■ **REQUIREMENT**: For every line in the material, output its text exactly and exclude any image it holds.

■ **SOURCE DATA**:
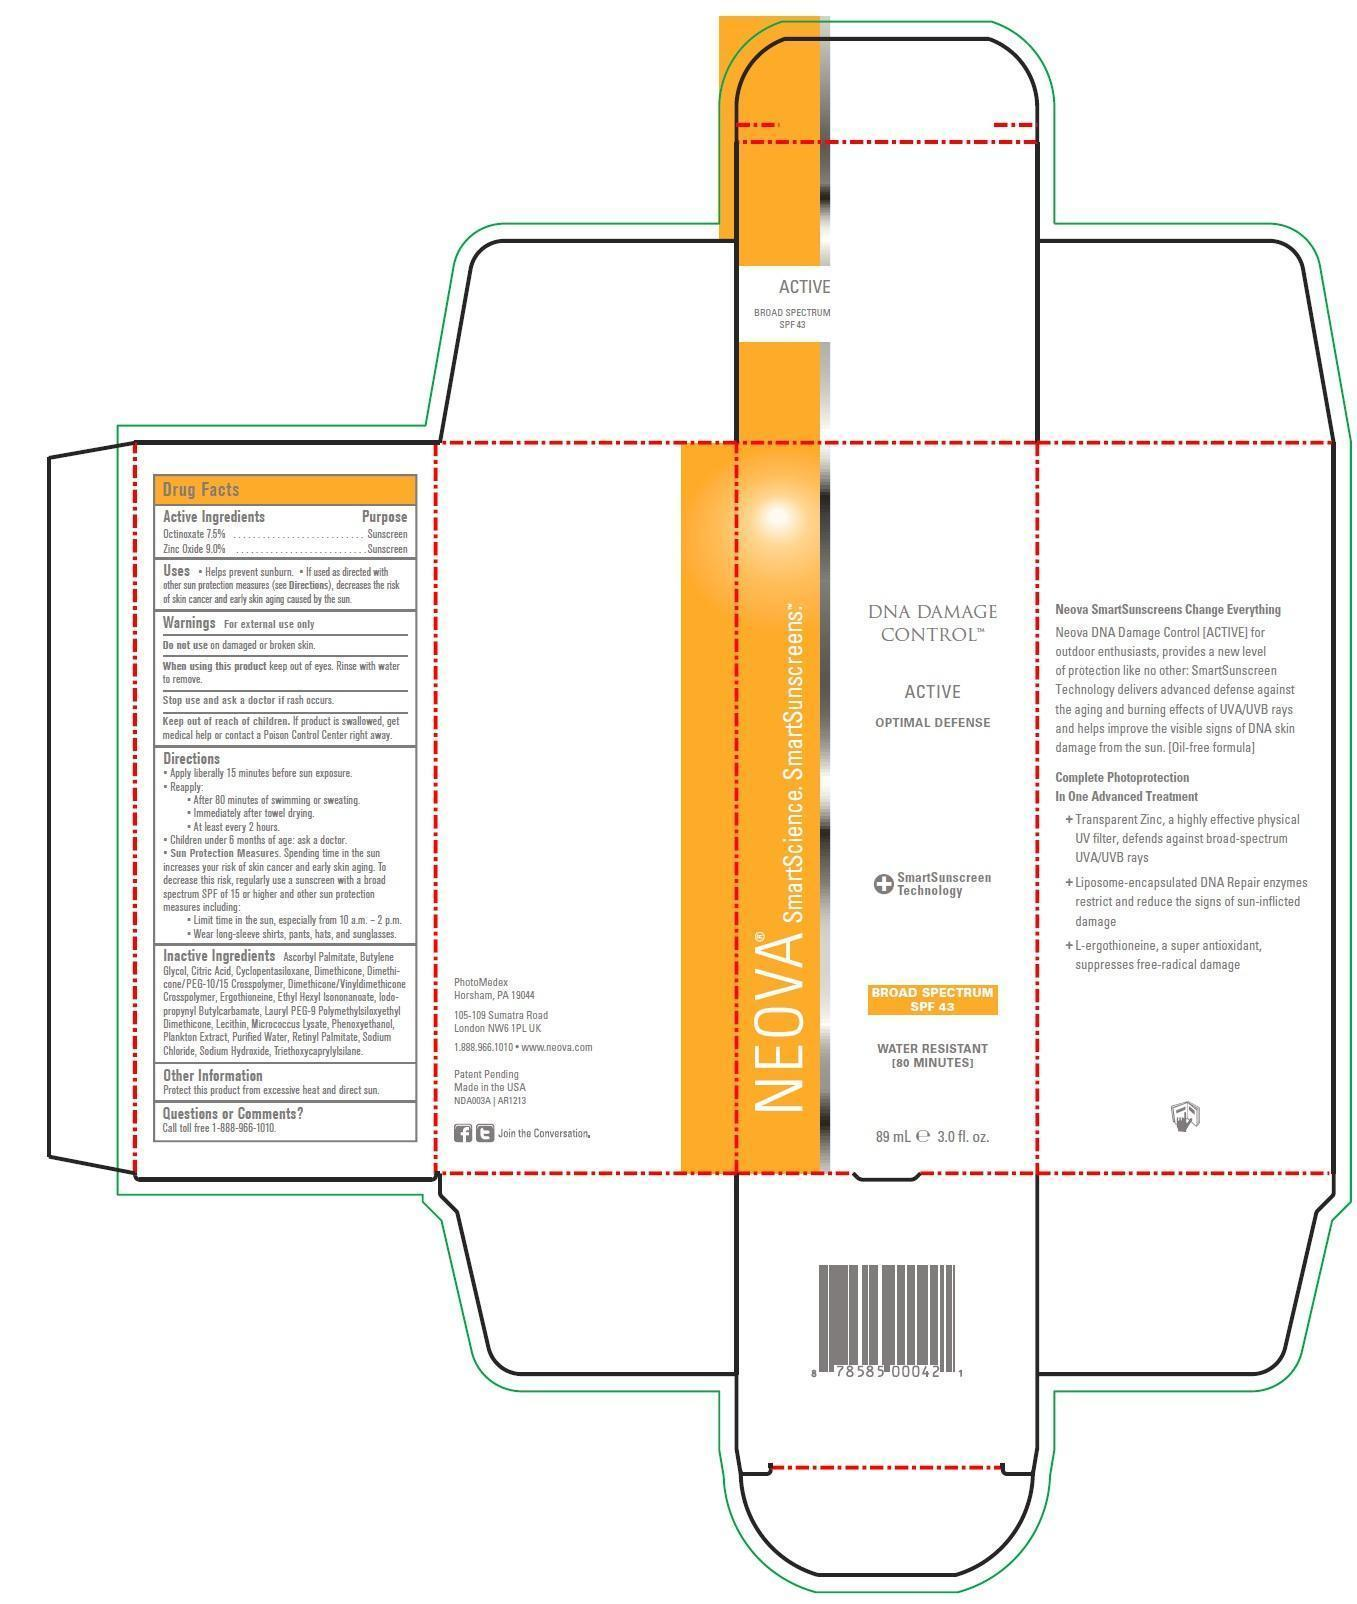 Neova Dna Damage Control – Active Broad Spectrum Spf 43 (Octinoxate, Zinc Oxide) Emulsion [Photomedex, Inc.]
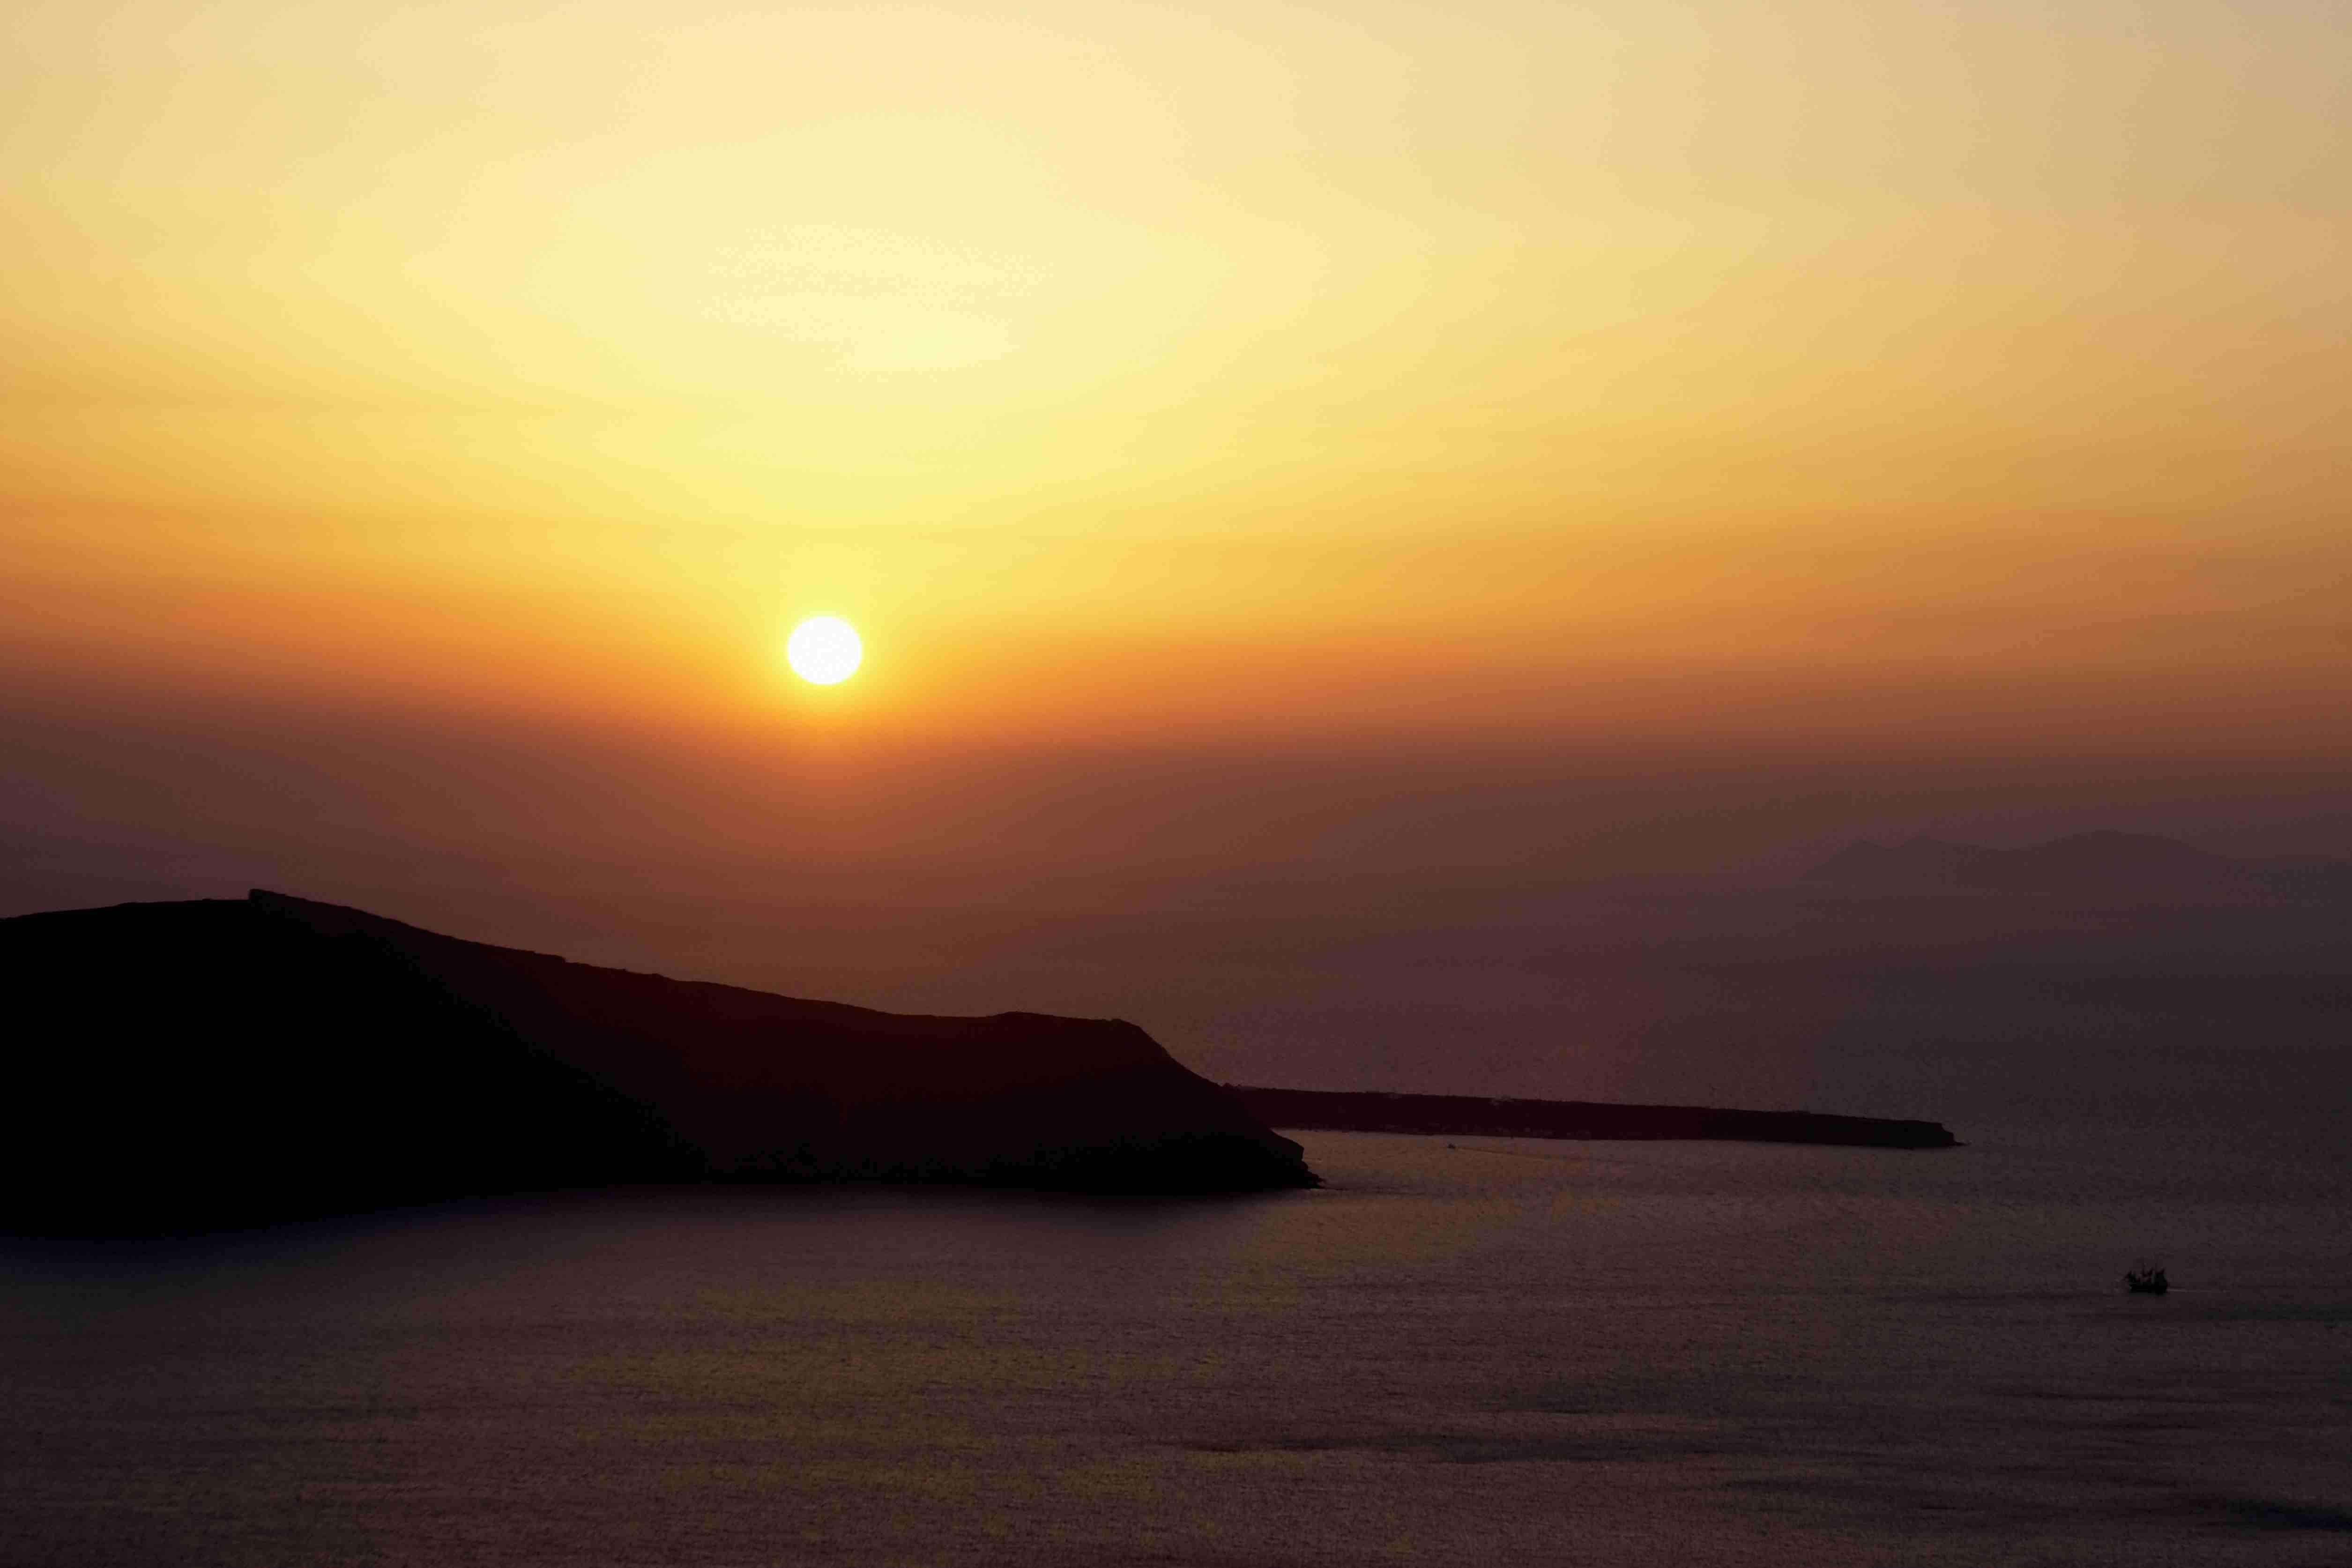 Greece, Thirassia island, sun setting over island
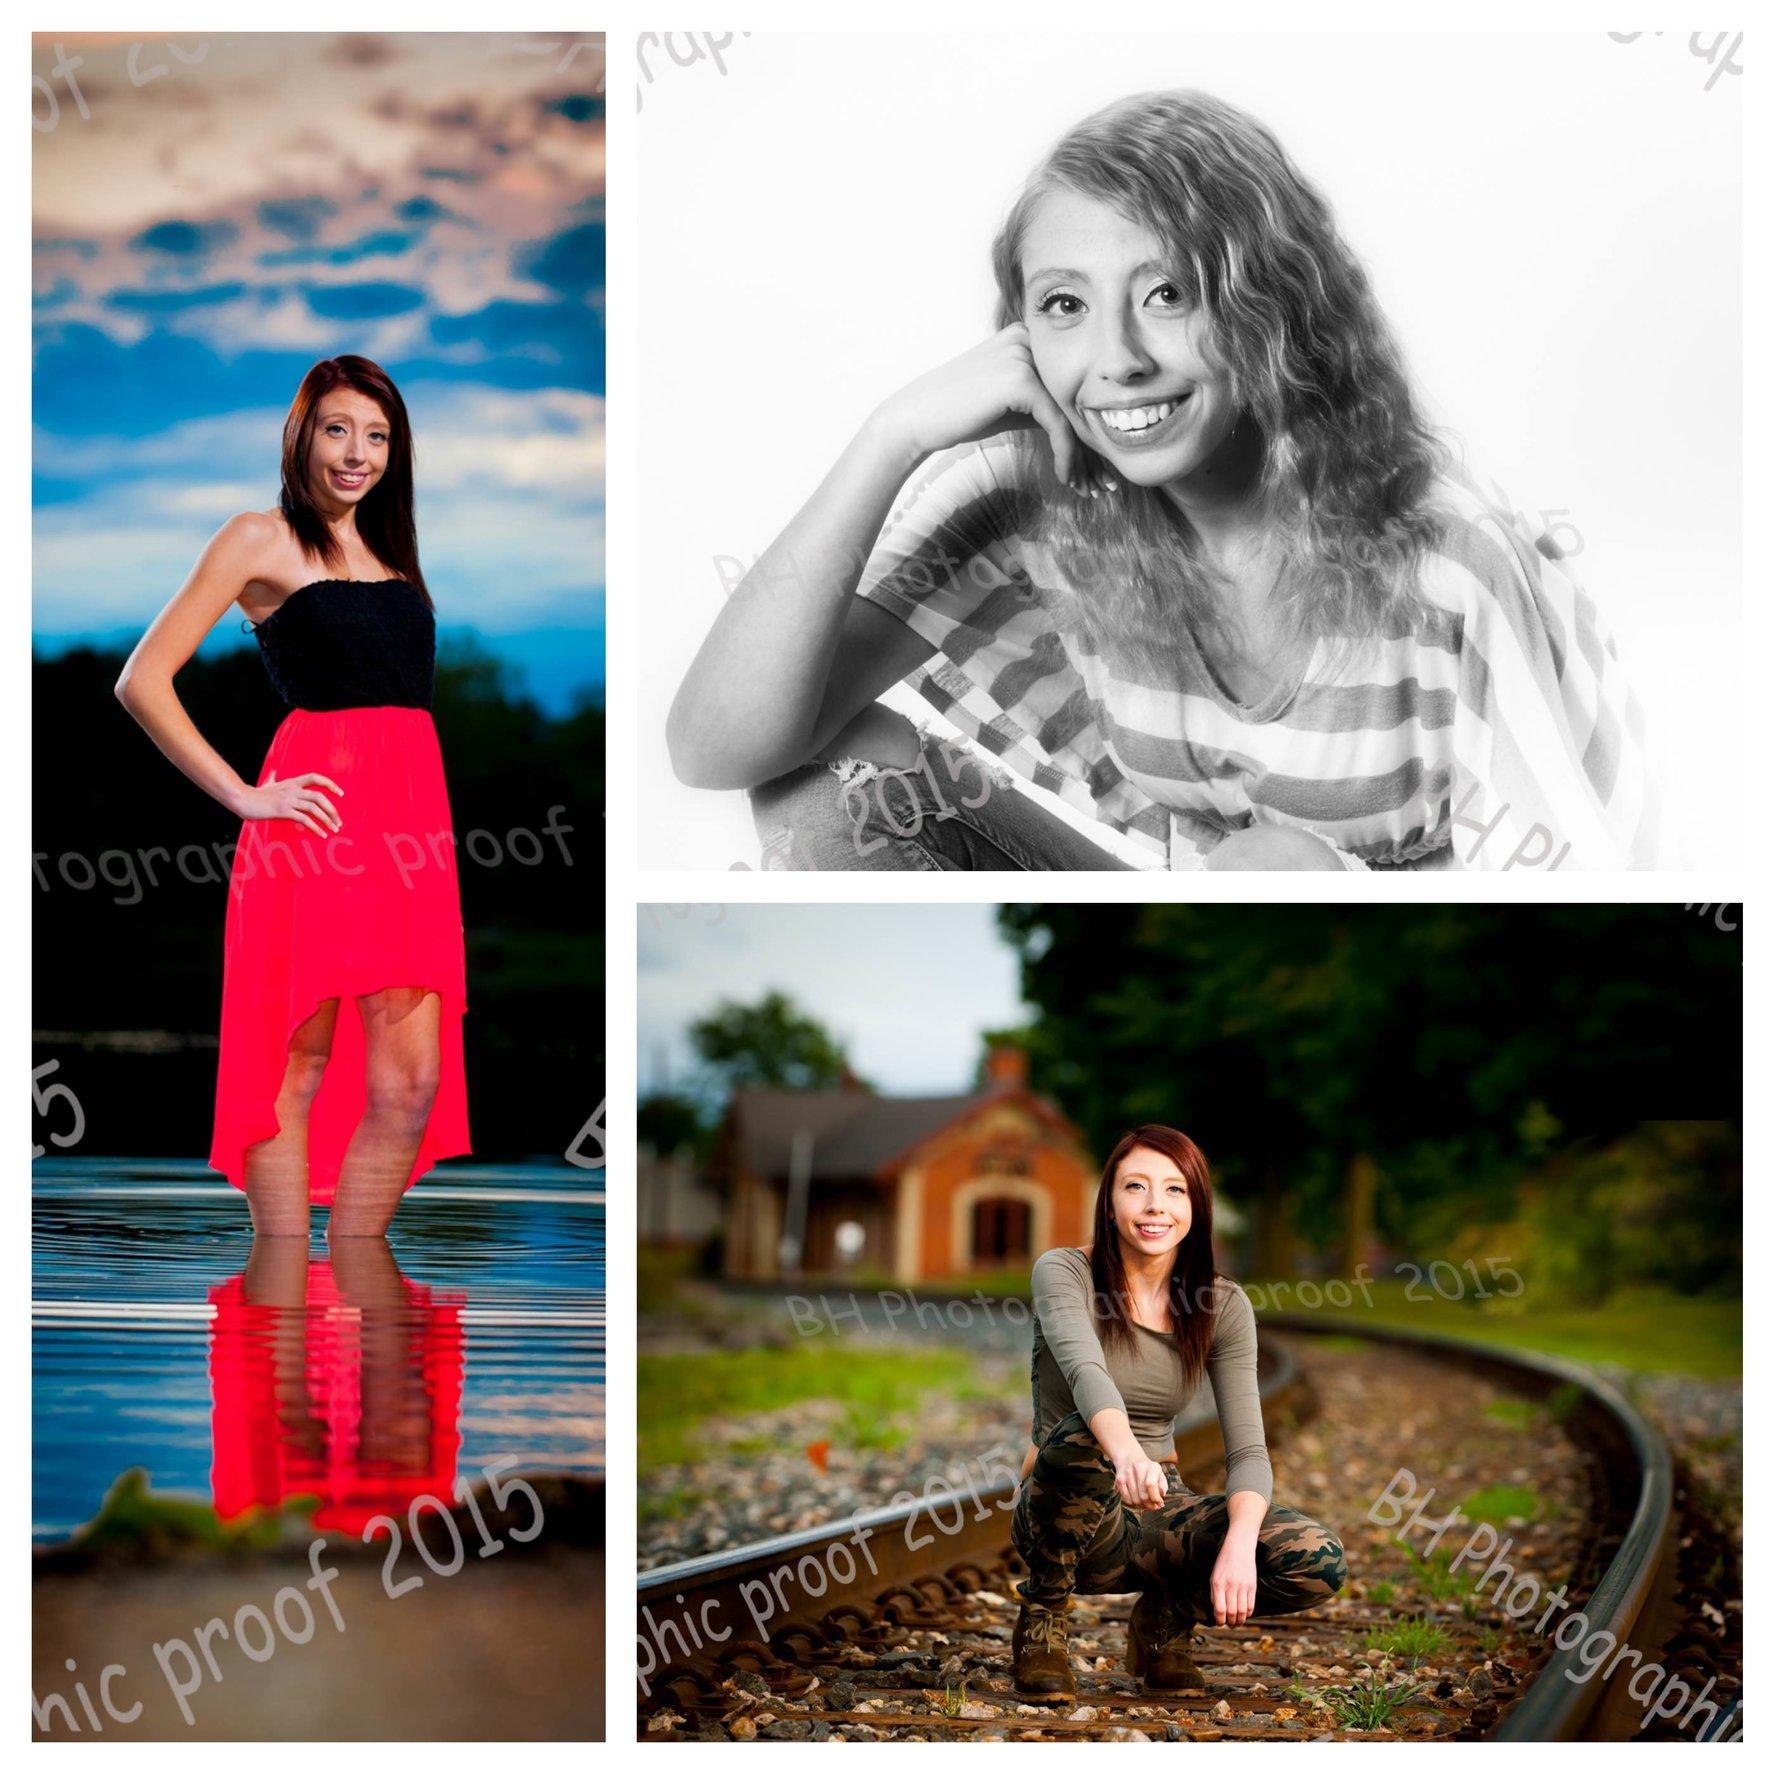 BH3_5133_Fotor_Collage MORGAN 3.jpg

■ **EXPECTED ANSWER**:
 Neova Dna Damage Control – Active Broad Spectrum Spf 43 (Octinoxate, Zinc Oxide) Emulsion [Photomedex, Inc.]
 Greece, Thirassia island, sun setting over island
 BH3_5133_Fotor_Collage MORGAN 3.jpg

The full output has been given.